I entered first grade at Eakin School in September, 1932. We lived about a mile from the school and, except for the first day when Mother took me in the car, I walked. That first year I walked with Bob and Marion Buckley, neighbors who lived about a quarter of a mile from us on the way to school. Bob was two years older than I was and Marion, four years older.
Eakin School was a one room, red brick building that housed all eight grades and had been around since before the Civil War. It had actually been used as a recruiting barracks during the Civil War. In the late 1800's my Grandfather and his brothers and sisters had gone to school there. Grandfather's brothers, Smith (Richard) and Clyde, taught there as young men. The red building bricks for the school were quarried and made on site. The building was approximately 12' x 40'x 60' inside dimensions. It had a fairly steep roof with two gable ends. There was only one door in the building and it was located in the front. Outside, there were four or five steps up to the door. There were four large rectangular windows with multiple panes on each side.
Inside, the room was divided roughly in thirds down its long dimension with, I believe, nine rows of seats except the back-center half was open to the entry door. In front of the door as you entered was a large, round, pot-bellied stove about mid-way in the room that sat on a piece of metal which protected the oily-floor timbers from the heat of the stove. Almost the the entire front wall on the inside, from about three feet above the floor to a height of seven feet, was a large black piece of slate that functioned as a blackboard. The teacher's desk was centered in the front of the room, just in front of the blackboard. Along one side wall near the entry door were three rows of wooden pegs, one above the other, used for hanging hats and coats when school was in session. The other wall had shelves and was used as a library. There might have been forty or fifty feet of shelf space for books.

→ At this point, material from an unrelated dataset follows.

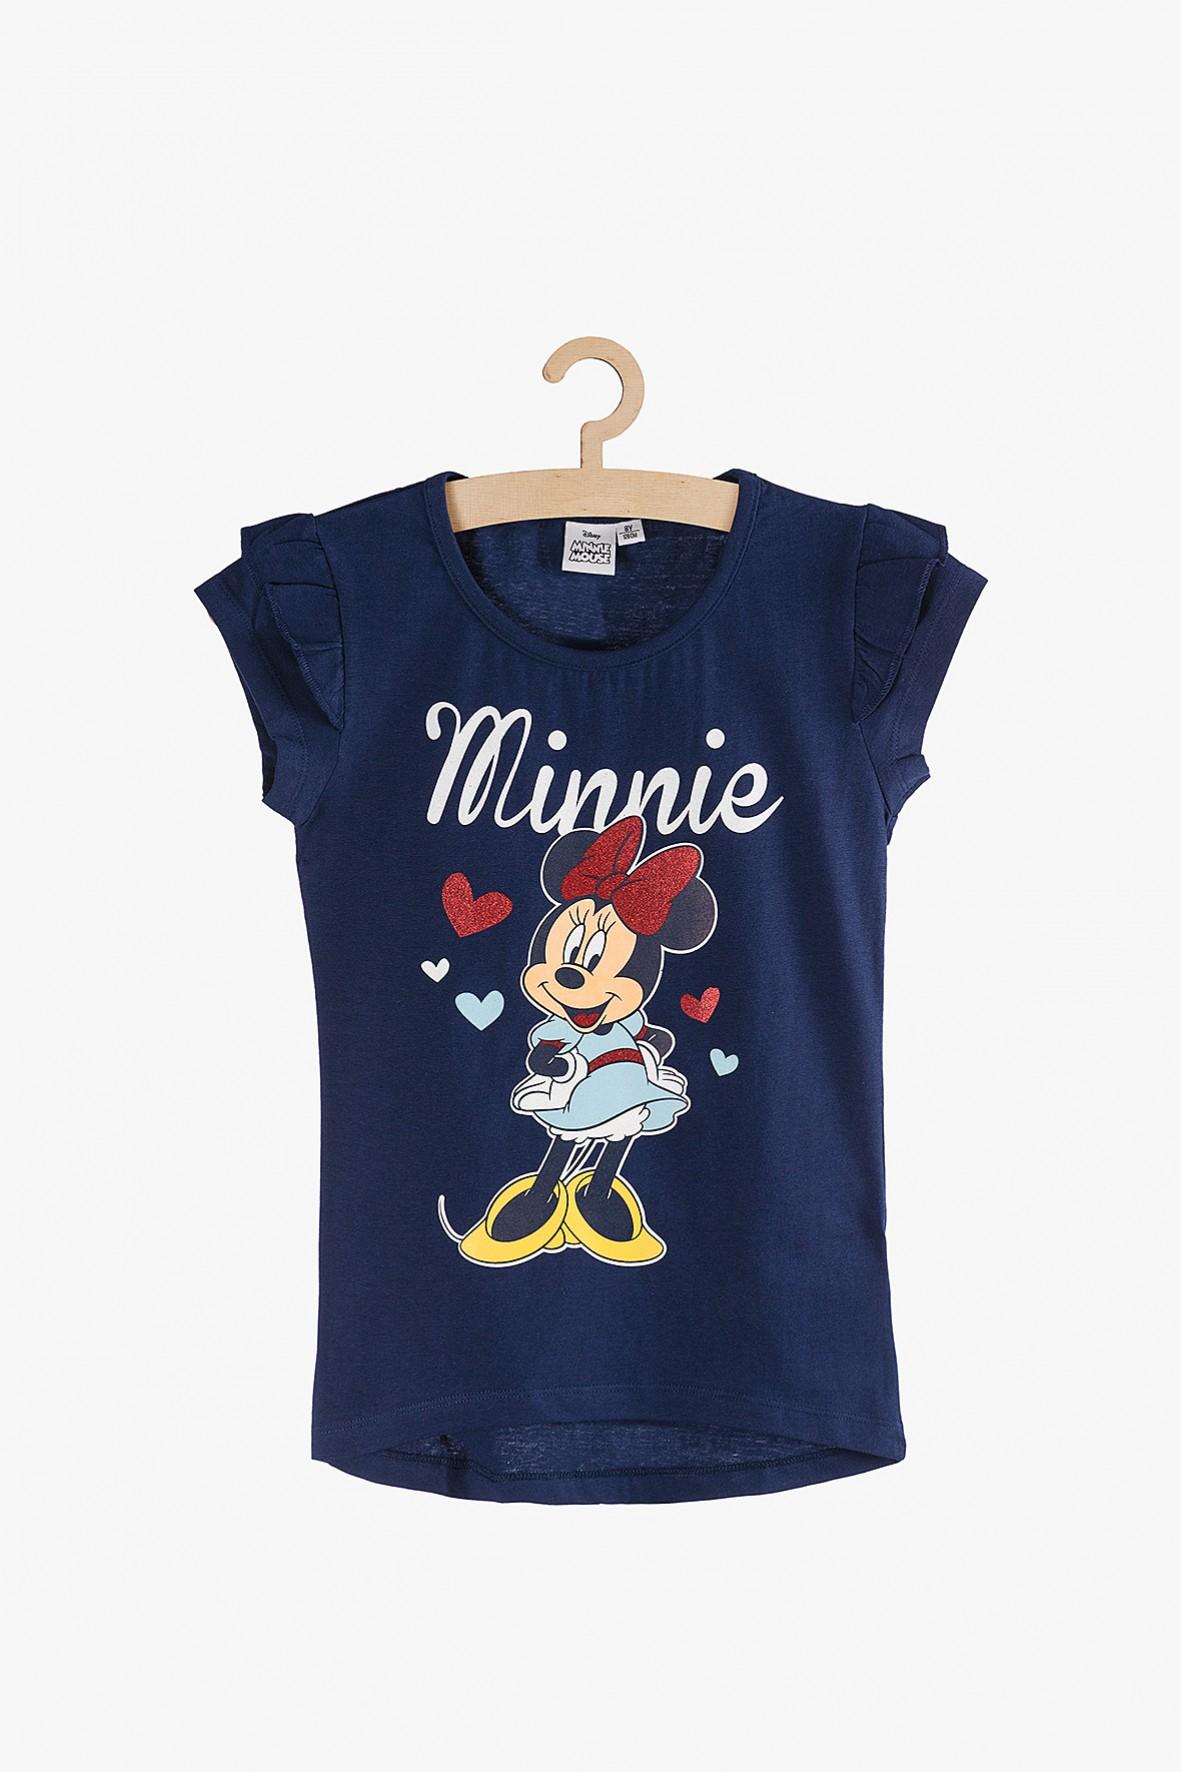 T-shirt dla dziewczynki granatowy z Myszką Minnie

Outside, in front of the school, was a large graveled area about ten feet wider than the building on both sides and maybe fifty feet deep. Near the far end of this graveled area was the school water supply, a drilled well capped by a long-handled pump standing about four feet high. To drink from this well one had to either have a personal cup somewhere, or as most all of us did, someone pumped while you cupped your hands below the spout to form a cup and drank. A few fussy girls would wash their hands before drinking. The rest of us thought they were showing off and "uppity."
Along the right hand side of the building when facing the school, and about two thirds of the way back, were two large, slanting cellar doors covering the passage way to the area under the school floor. These opened to several steps that led down into a dank, dark, dugout-space beneath the school floor where coal for the stove was stored for use during winter.
Behind the school, and about twenty feet away from the building, were the outhouses–two-holers- one for Boys, one for Girls. Each outhouse had a shielding, wooden wall in front and side of its entry door and a low, sloped, hinged, wooden cover extending out from the back from which the waste material could be removed. As you might imagine, these could become quite aromatic in the early fall and late spring. We boys used to get large, flat rocks, sneak up behind the girls outhouse, quietly lift the covering door and hurl the rocks into the “maggoty” mess hoping to splash some poor unsuspecting girl seated inside.
One time, unknown to us, the school teacher, a woman, was using the facility when some of us older boys did our thing and the flat rocks did their thing. We gloatingly waited for the customary screams, which had always happened with every gal we had caught. Surprisingly, silence. No one in there? Hmmmm. In about a minute, and to our total surprise and chagrin, one angry lady teacher came boiling out of the outhouse. As you might guess, no one would talk, so eight or nine of us were punished severely for that little caper.
On the north side of the school where the school’s long dimension was east-west and the entry door was on the west side, there was a grassy, upward sloping area with about ten very large old oak trees that provided wonderful shade under which to eat our lunches and for horsing around. Mudlick Hollow Road was about one hundred feet from the south side of the school and parallel with it. Going east from the school the road ran flat for just a short distance and then turned down as it wound its way down into “Mudlick” hollow. The road went from the school, where it intersected Sebring Road, all the way to Vanport, a distance of about five miles. During the winter when the snows were deep, this became a prime sled-riding slope. It was so long down to where it first leveled off that we could usually only make one or two runs during our lunch break.
Behind the school was a very large field that was farmed by the Hogue family who were my relatives. The Hogues living there when my syblings and I attended school were descendants of Grandfather’s Aunt Rachel (Holt) and Uncle John Hogue. Corn was frequently the crop of choice and after it was harvested and the slalks cut there remained about a six or seven inch "stob" sticking above the ground. These became flying missiles during recess and lunch times. Believe it or not, no eye was put out during my six years attendance there and "stob" slinging every fall. Don't tell me there wasn't a guardian angel watching over us kids.
The school year in those rural schools was from the day after Labor Day until April 15th the following year, reflecting the fact that the community was still in the transitional stage between being a rural farming community where all available manpower was needed to help with spring planting to more modern times when machinery replaced manpower. Change was in the air everywhere, but in those little one-room schools, time seemed to stand still. World War ll changed all of that almost overnight.